Npower to dismiss nearly 15 per cent of its UK workforce as energy market bites

British energy provider Npower has said it will cut almost 15 per cent of its UK workforce, as part of an initiative to reduce its operating costs.

The company said the reductions would affect around 900 roles out of its 6,300 employees over the course of this year. It added that most of this number are expected to leave of their own accord rather than be made redundant, as the amount is reflective of Npower's usual employee churn rate.

Chief executive Paul Coffey said the move was the result of the retail energy market becoming "incredibly tough" in the wake of Ofgem's price cap.

Read more: British Gas owner Centrica wades into legal battle with regulator Ofgem over price cap

"Ofgem itself forecasts that five of the Big Six energy companies will make a loss or less than normal profits this year due to the implementation of the price cap, and with several recent failures of new energy suppliers, it is clear that many have been pricing at levels that are not sustainable," said Coffey.

“Even with these reductions, we still forecast significant losses this year, but we’re doing everything we can to minimise them whilst continuing to focus on service and value for our customers.”

A total of 11 small energy suppliers have gone bust in the past year, including most recently Our Power.
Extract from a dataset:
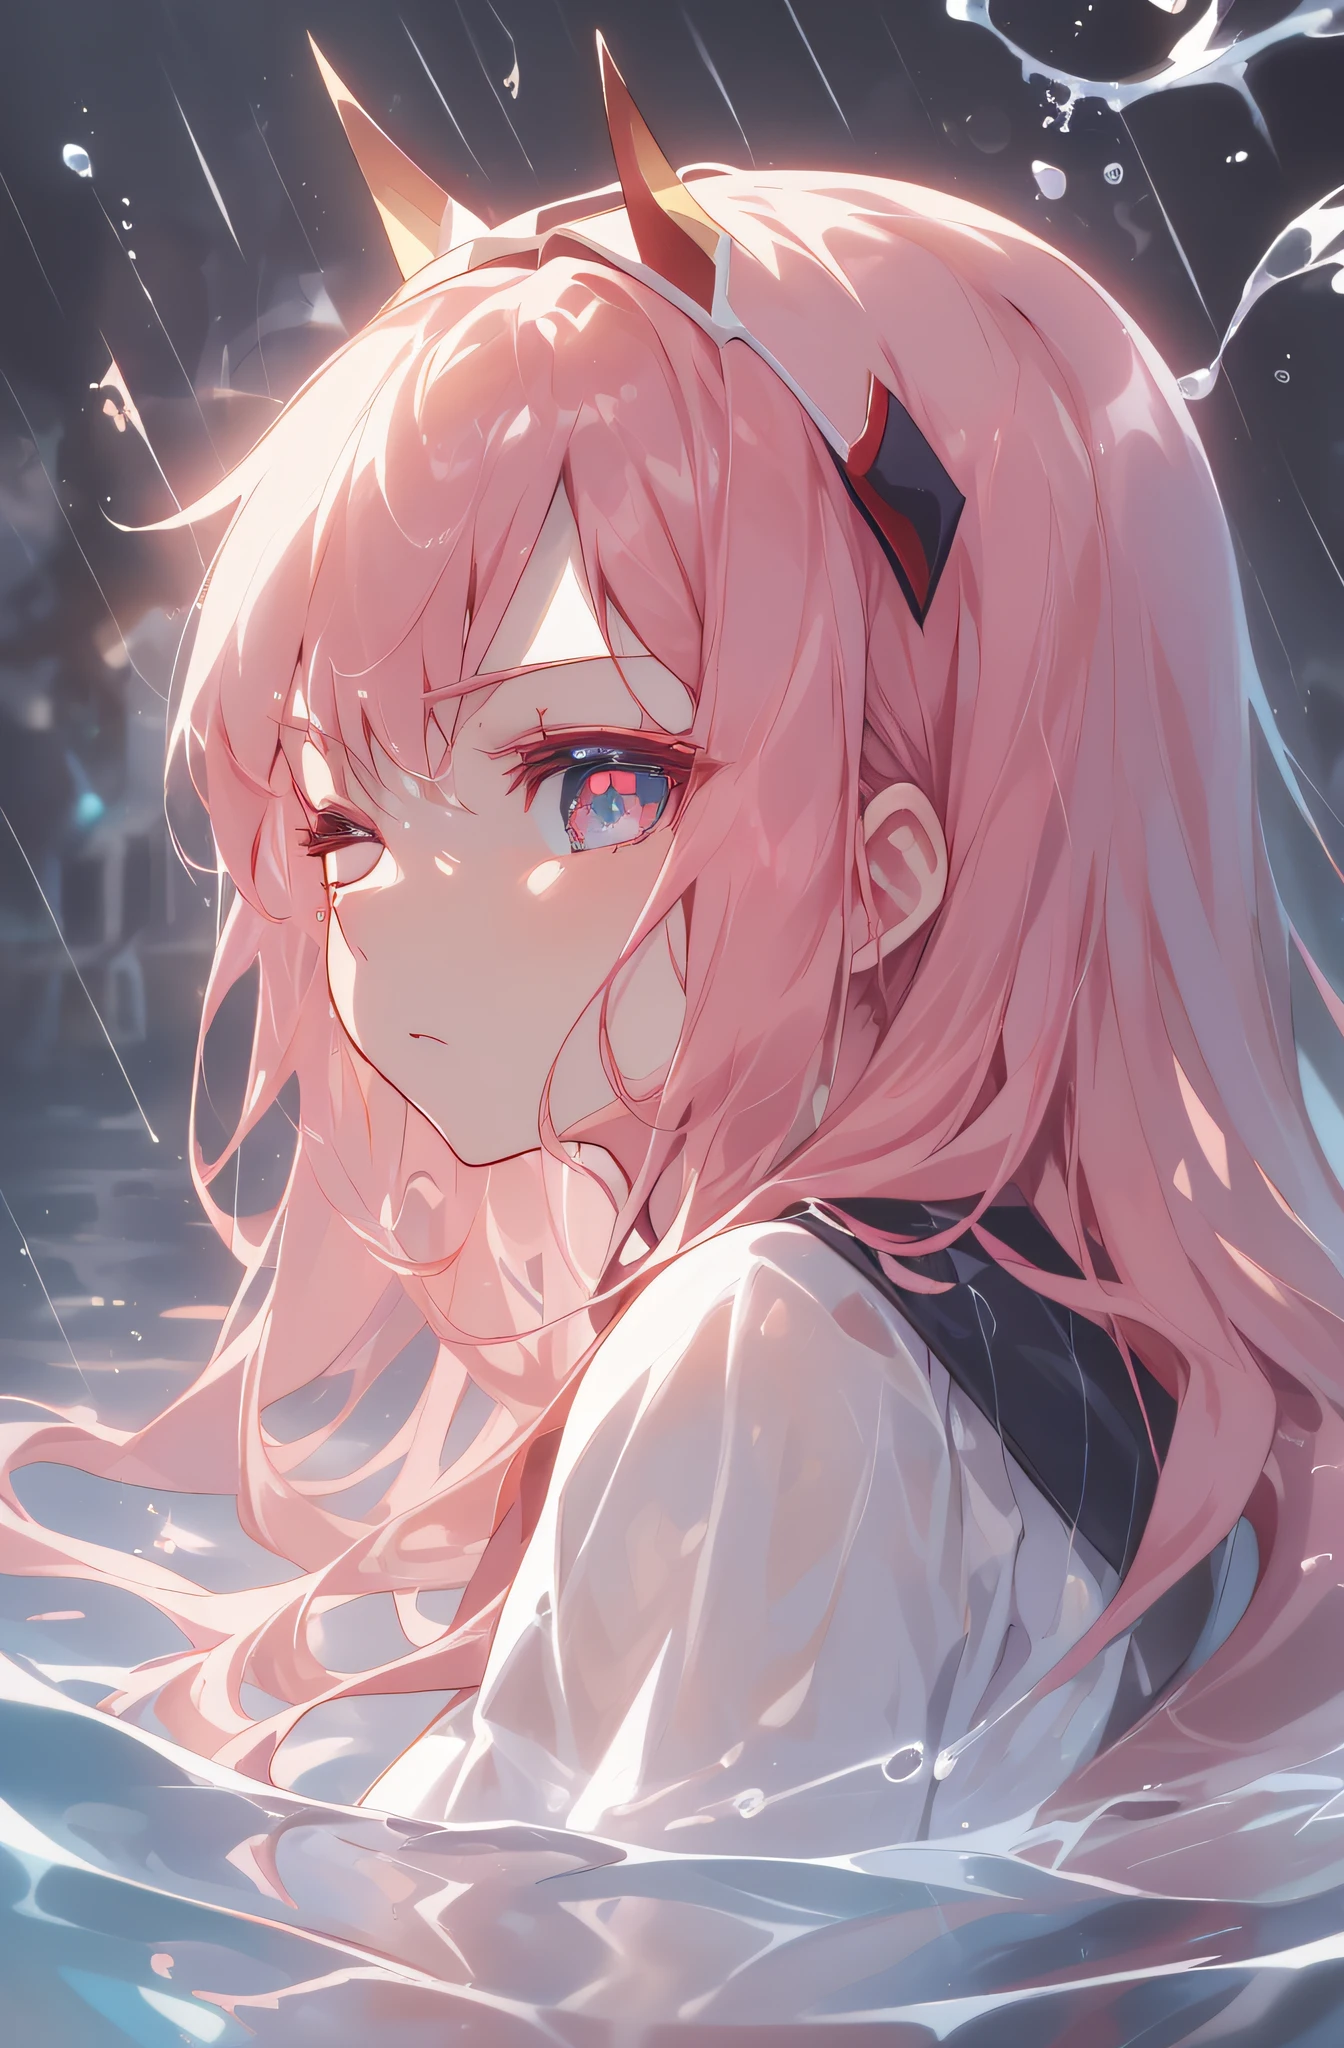 (Two-dimensional animation style: 1.4), (Japanese animation: 1.9), HD, (golden lighting: 1, 4), white skin, full picture bright, horn, (clear eyes), white sunlight, hair glowing (((falling rain: 1.2), sunlight, sun, waves, (water surface), close up, magnifying eyes, glowing eyes, long pink hair, clear eyes, eyes close-up, eye close-up, prayer, looking at the girl from the side, side, holy light, (transparent clothes), underwater, bubbles, (water divergence), (air flow divergence), serious 😠, eyes open, eyes closed

Its chairman told City PM last week that the Scottish government-backed firm had simply "run out of cash".

A spokesperson for the department of business, energy and industrial strategy later responded to Coffey: “Our price cap protects 11m households from poor value standard variable and default tariffs, and ensures that consumers pay a fair price for their energy.

“Ofgem designed the energy price cap independently, through consultation with industry, so that an efficient supplier can continue to thrive.”

Read more: Energy supplier Our Power 'ran out of cash' after string of bankruptcies in sector

The move comes after Npower's parent company Innogy failed to come to an agreement in December to merge its retail arms with SSE.

The two firms had planned to list the merged unit as a new company, and had even passed initial investigations by the Competition and Markets Authority before SSE pulled the plug.

"Just a few months ago Npower was involved in causing great uncertainty to the workforce by announcing that it was involved in merger talks with one of the other Big Six energy companies," said Laura Gatiss, northern regional organiser for industrial trade union GMB. 

"That merger failed. Now Npower is announcing major job reductions which is understandably worrying for our members, their families and indeed local communities where our members live in."